Идеи о прямом влиянии «Ивана Грозного» на комедию Гайдая иногда проскальзывали и в других текстах. Екатерина Деготь в 1998 году назвала комедию Гайдая откровенной пародией на эйзенштейновский фильм, воспроизводящей главные его мотивы. Но центральная мысль в ее тексте все-таки посвящена «Ивану Грозному»: «Это фильм не о Сталине как переодетом Иване Грозном, но о самом переодевании, узнавании, о мгновении случайного или неслучайного исторического совпадения. У Эйзенштейна такое совпадение, между прочим, карается смертью: в финале Иван коварно облачает своего главного соперника в царские одежды, чтобы того убили вместо самого царя»[302]

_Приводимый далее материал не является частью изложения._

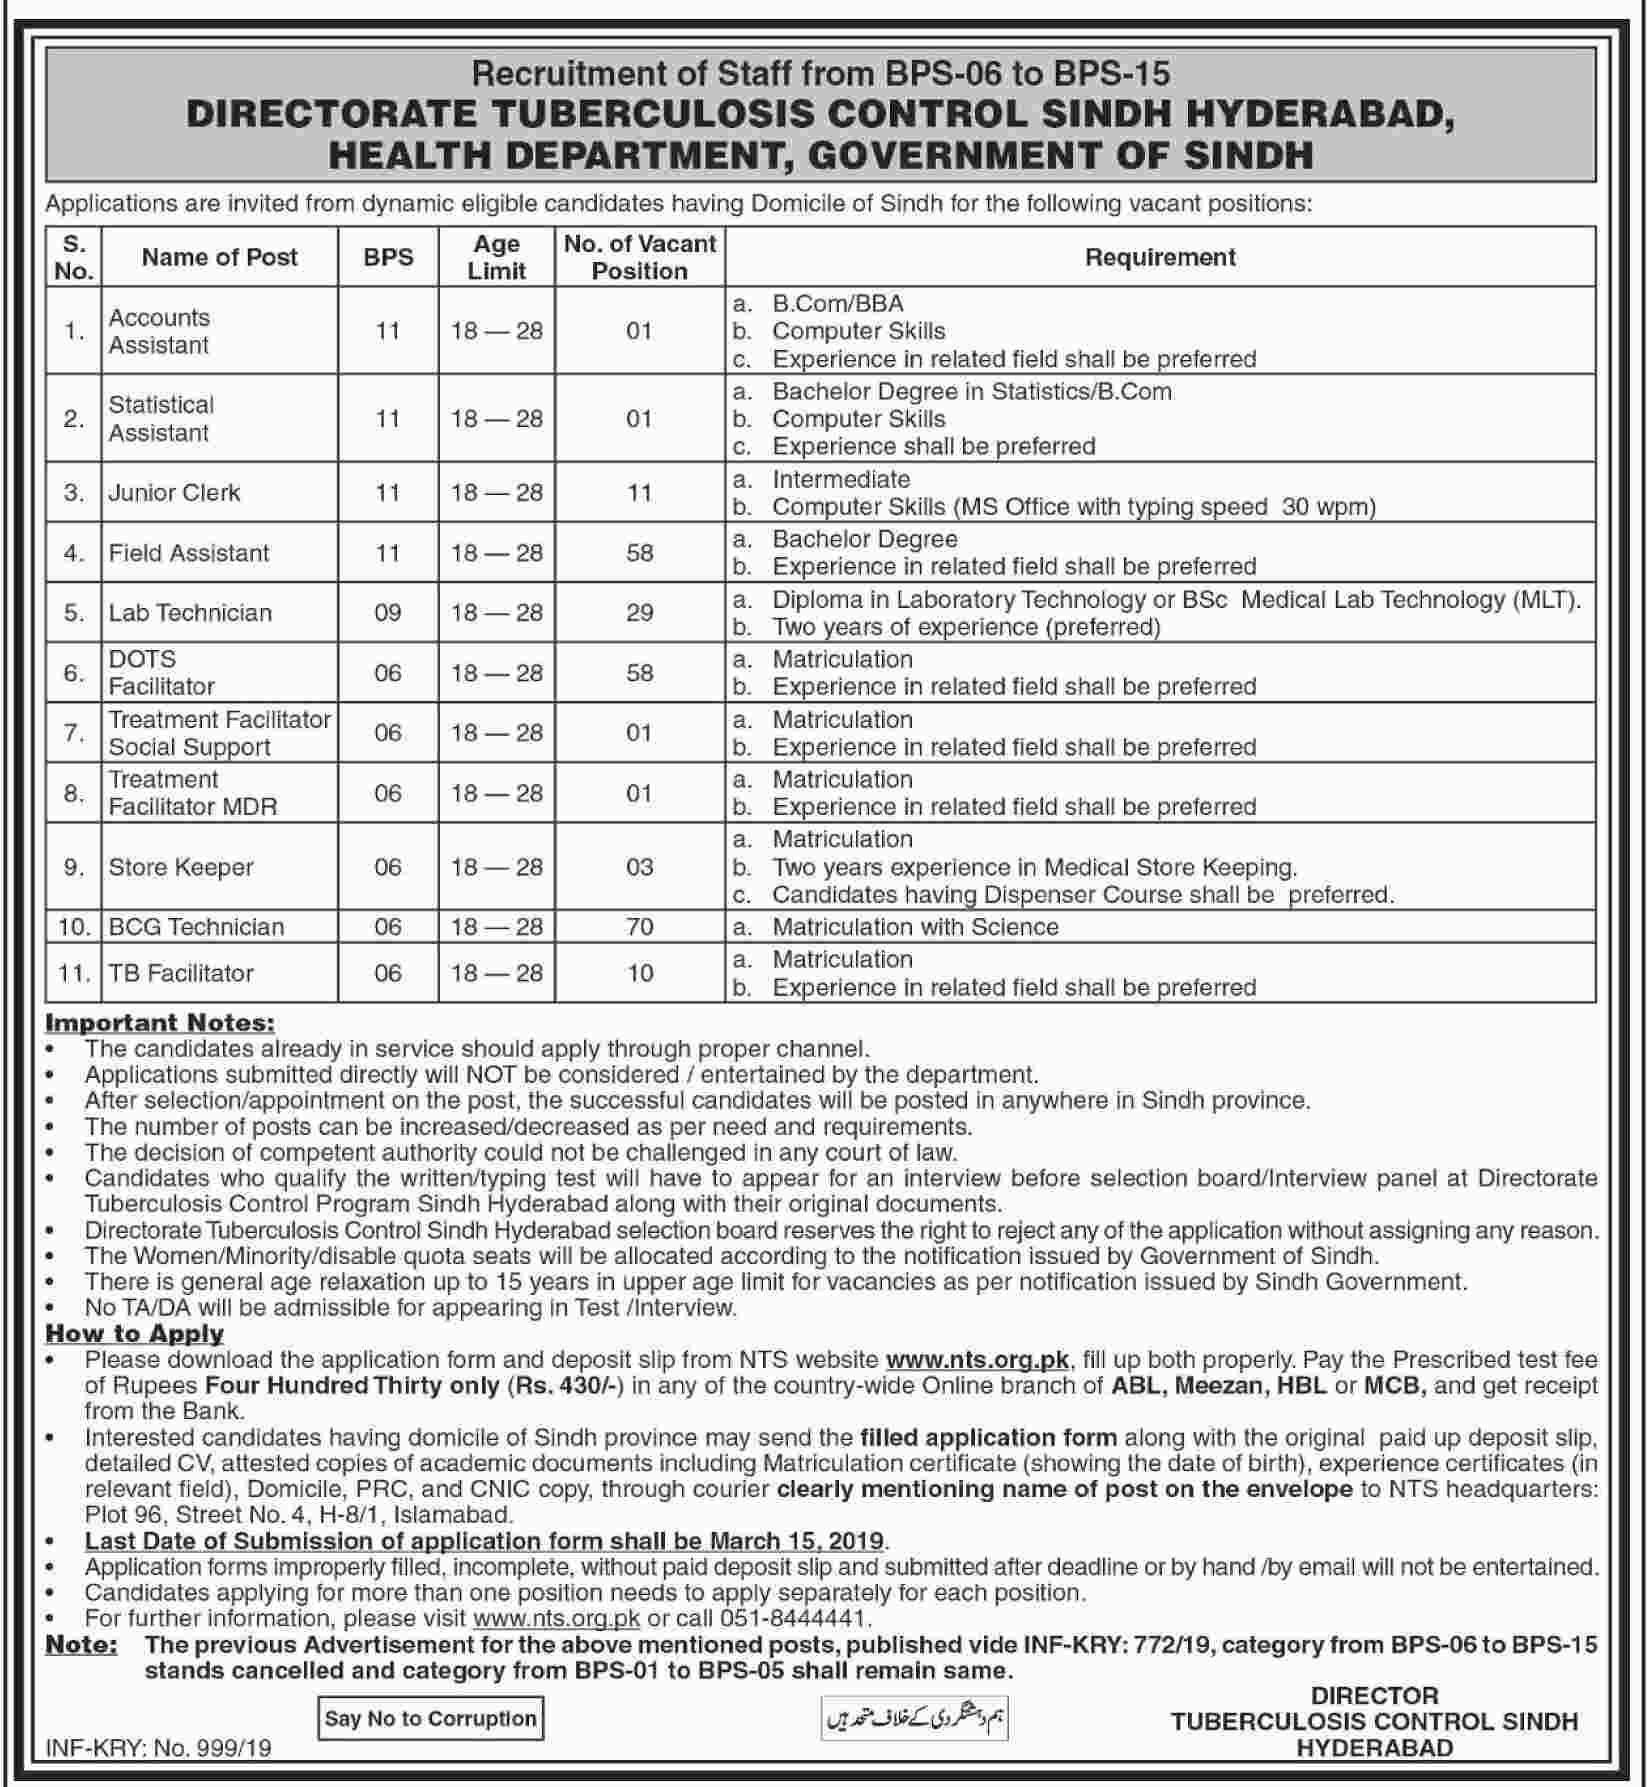 Health Department Govt of Sindh jobs 2019

. У Гайдая же, по мнению Деготь, переодевание проходит веселее. Однако главным залогом этой веселости становится допущение, что вся эта история только привиделась Шурику. Поворот, отсутствовавший в оригинальной пьесе Булгакова, по мотивам которой был снят «Иван Васильевич…». В финале пьесы управдом Бунша-Корецкий, изобретатель Тимофеев и вор Милославский заключались в крепкие руки «родной милиции», из которых они совершенно не обязательно могли быть выпущены после. У Гайдая же психиатрические службы освобождали жильцов дома от ига семьи общественников, забирая Буншу и Ульяну Андреевну в смирительных рубашках на заслуженный профилактический «отдых», а прохвост Милославский уже в реальности 1970‐х организовывал себе и царю всея Руси лихой побег.Добротворский также догадывается и об отсылках к Хичкоку, хоть и не до конца уверен в их сознательном применении режиссером. Сегодня можно уверенно сказать, что подобные оглядки на классиков были нередко прописаны Гайдаем и его соавторами в сценариях[303]
.Не менее прозорливым в оценке Гайдая оказался один из главных защитников режиссера в отечественном киноведении – Евгений Марголит. Помимо кассового успеха, который вечно смущает интеллектуалов, Гайдая обвиняли в «потакании зрительским интересам»[304]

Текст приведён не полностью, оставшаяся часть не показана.